Where personas struggle#
That shape has limits. Software design is a different shape. Design is give-and-take between competing concerns. A conservative perspective and a performance perspective don’t just each produce findings to be combined. They need to argue, make concessions, find the tradeoff that respects both. The persona architecture can’t support that. Each persona talks to the orchestrator, not to each other. The synthesizer mediates between finished positions rather than facilitating a live negotiation.
When the principle-checker catches a violation that the consumer-first designer missed, the only path back is through the synthesizer’s categorized “adjustment” in the next round. The consumer-first designer never hears the actual argument. It receives a verdict. Direct conversation would resolve in minutes what a round-trip through synthesis handles clumsily.
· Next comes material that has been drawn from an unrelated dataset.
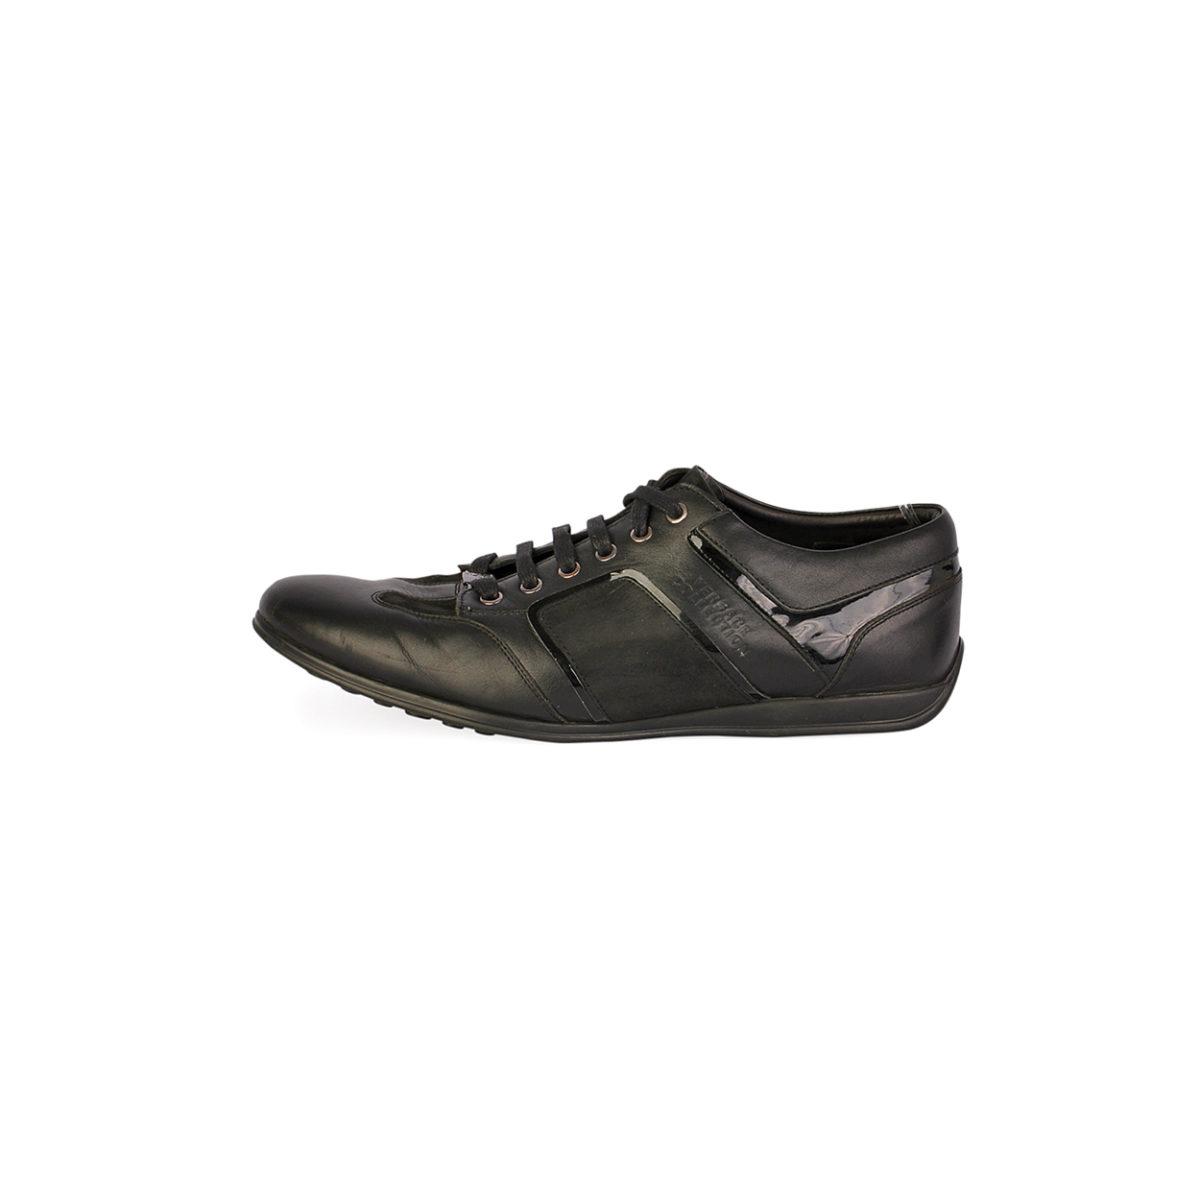 4ca6cd60 VERSACE Collections Men's Embossed Leather Top Sneakers Black - S: 44 (9.5)

Claude Code has an experimental feature called agent teams that lets agents in a session communicate directly. That’s the right mechanical fit. But if you let personas talk before each one has committed to an independent first pass, the loudest voice sets the frame and you lose the decorrelation that made multiple personas valuable in the first place. The independent first pass matters. It’s what makes three perspectives genuinely different rather than three variations on whoever spoke first. Conversation is the negotiation layer that comes after. Getting that sequencing right is the open problem. I’ll write about it when I have something worth reporting.